On February 2, 2018, Bird and teammate Kadeem Allen were named to the Midseason All-NBA G League East Team after averaging 19.3 points, 5.7 rebounds and 2.7 assists per game.

On April 6, 2018, Bird scored 15 points in 24 minutes in a Celtics game against the Chicago Bulls.

On July 26, 2018, the Celtics re-signed Bird. However, due to ongoing legal issues, he did not play for the Celtics during the 2018–19 season.

On February 7, 2019, Bird was traded to the Atlanta Hawks along with cash considerations in exchange for a conditional 2020 second-round pick.
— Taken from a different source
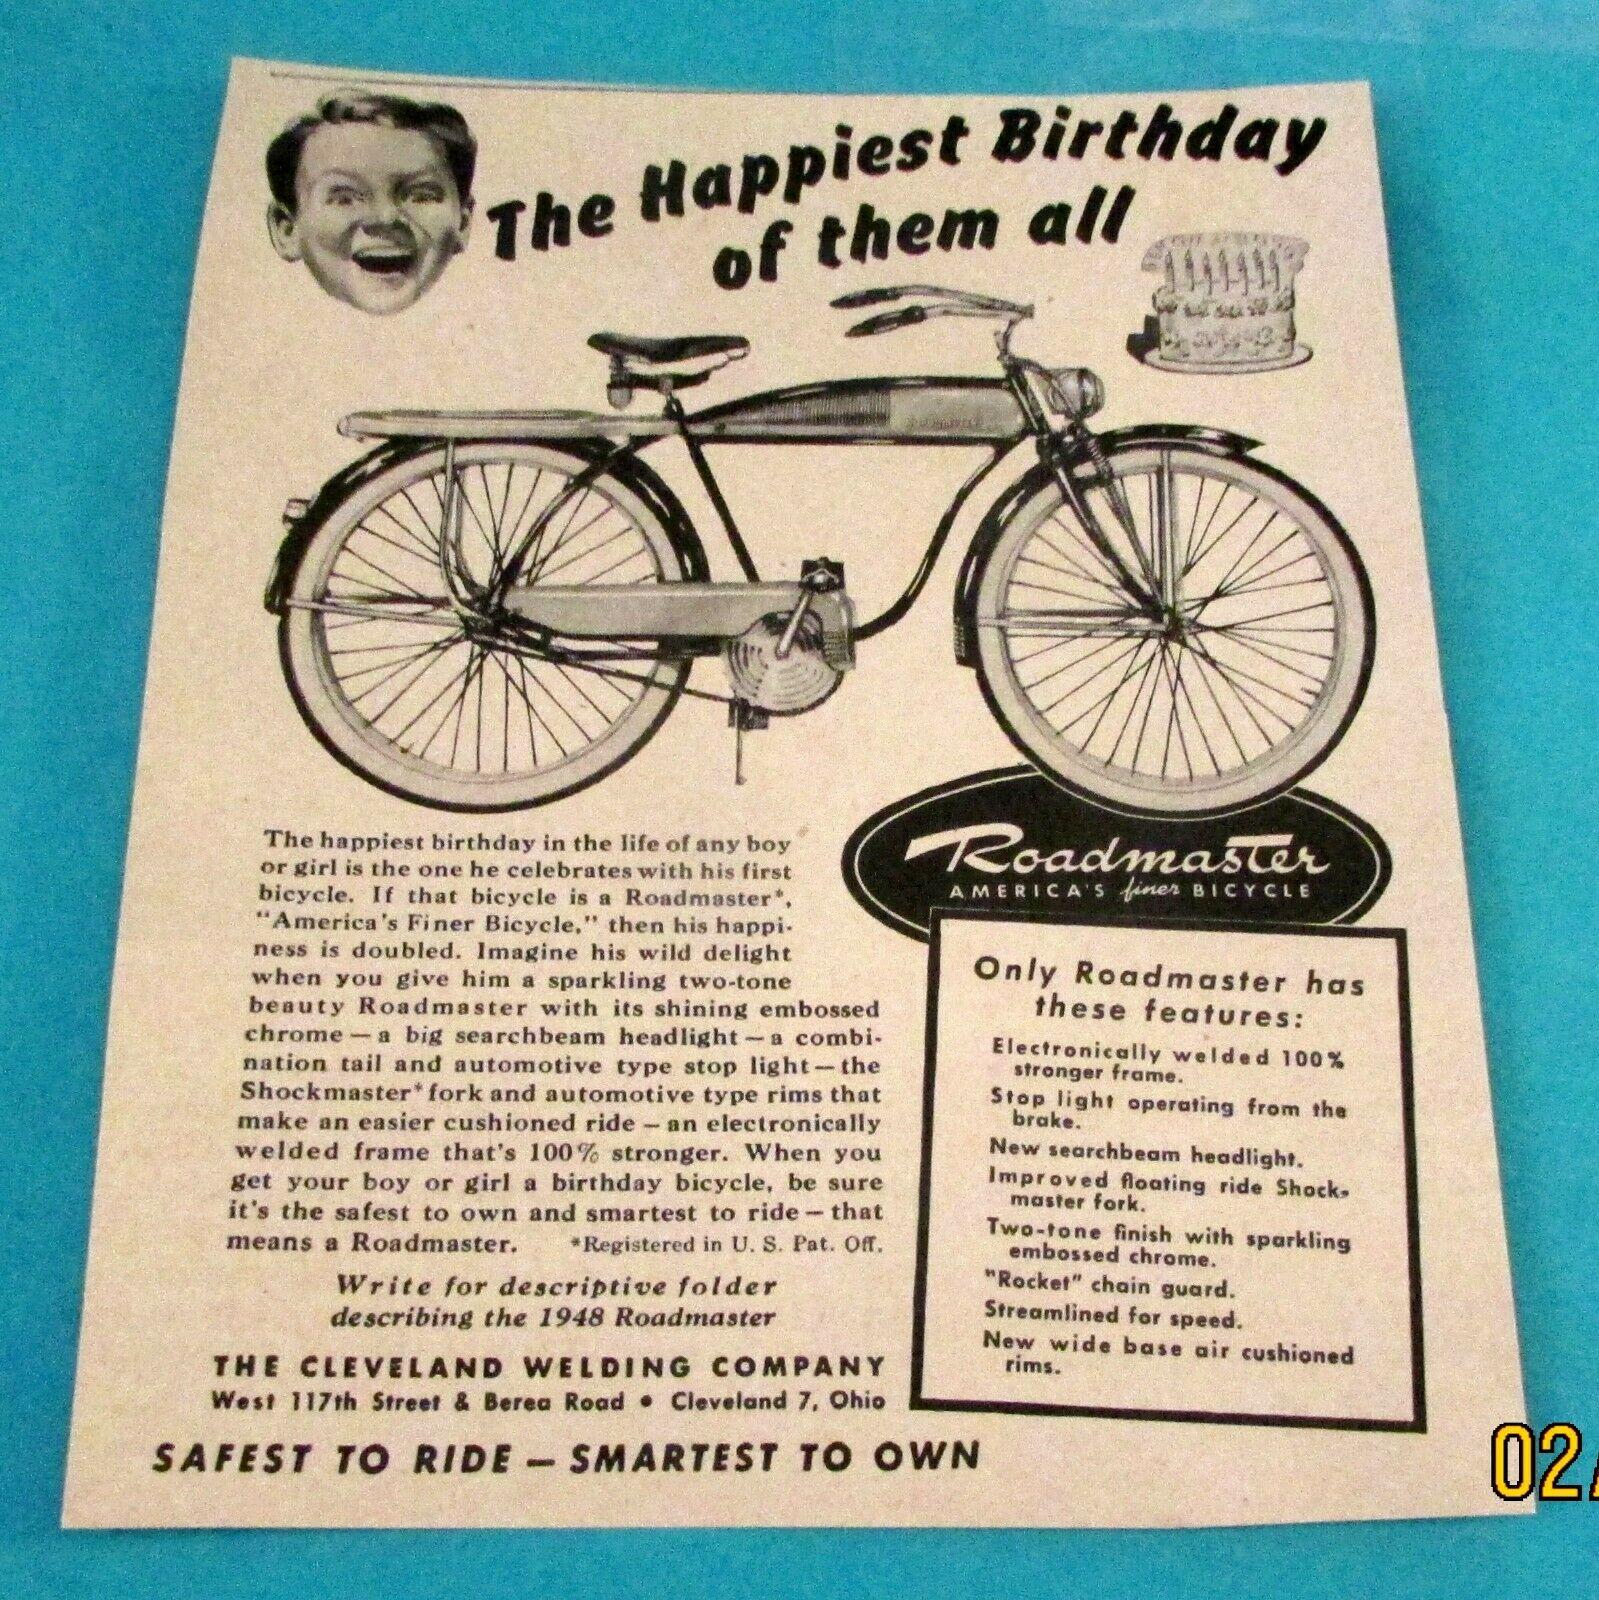 1948 March 15 ad from ebay seller 3girlsanddog.jpg

He was waived the following day.

=== International stints (2023–present) ===
Bird joined Rayos de Hermosillo of the Circuito de Baloncesto de la Costa del Pacífico (CIBACOPA) for the 2023 season.

On November 30, 2023, Bird joined the then-newly formed team Rajawali Medan, a competing group in the Indonesian Basketball League.

On September 26, 2024, Bird signed with the Magnolia Chicken Timplados Hotshots of the Philippine Basketball Association (PBA) to replace Rayvonte Rice as the team's import for the 2024 PBA Governors' Cup.

In December 2024, Bird joined the Johor Southern Tigers of the Major Basketball League Malaysia (MBL).

On February 1, 2025, Bird signed with the Taipei Fubon Braves of the P. League+ in Taiwan.

On January 5, 2026, Bird signed with Oberá Tenis Club of the La Liga Argentina de Básquet.

==Career statistics==

===NBA===

| Year | Team | GP | GS | MPG | FG% | 3P% | FT% | RPG | APG | SPG | BPG | PPG |
|---|---|---|---|---|---|---|---|---|---|---|---|---|
| 2017–18 | Boston | 13 | 1 | 8.8 | .577 | .429 | .462 | 1.5 | .6 | .2 | .1 | 3.0 |
| Career |  | 13 | 1 | 8.8 | .577 | .429 | .462 | 1.5 | .6 | .2 | .1 | 3.0 |

===College===

| Year | Team | GP | GS | MPG | FG% | 3P% | FT% | RPG | APG | SPG | BPG | PPG |
|---|---|---|---|---|---|---|---|---|---|---|---|---|
| 2013–14 | California | 31 | 12 | 20.0 | .425 | .323 | .804 | 2.0 | 1.1 | .4 | .3 | 8.3 |
| 2014–15 | California | 23 | 21 | 28.2 | .438 | .369 | .765 | 3.3 | 1.7 | .5 | .4 | 10.5 |
| 2015–16 | California | 33 | 22 | 26.8 | .461 | .409 | .674 | 3.3 | .9 | .5 | .3 | 10.4 |
| 2016–17 | California | 27 | 25 | 32.0 | .440 | .365 | .764 | 4.7 | 1.0 | .7 | .2 | 14.3 |
| Career |  | 114 | 80 | 26.4 | .442 | .371 | .753 | 3.3 | 1.2 | .5 | .3 | 10.8 |

== Personal life ==
Bird's father, Carl, played college basketball for the California Golden Bears from 1974 to 1976 and was selected in the 1976 NBA draft. He played professionally in the Philippines where he was the first player in the Philippine Basketball Association to score more than 70 points in a game.

=== Domestic abuse charges ===
On September 8, 2018, Bird was arrested and faced domestic abuse and kidnapping charges. He was placed under police guard at a hospital, as was his alleged victim. Before the incident occurred, it was revealed that Bird was previously dealing with emotional issues, including panic attacks. On March 11, 2019, he was released from prison on bail after admitting to sufficient facts regarding the incident.

On October 26, 2021, Bird pled guilty and was sentenced to two years probation.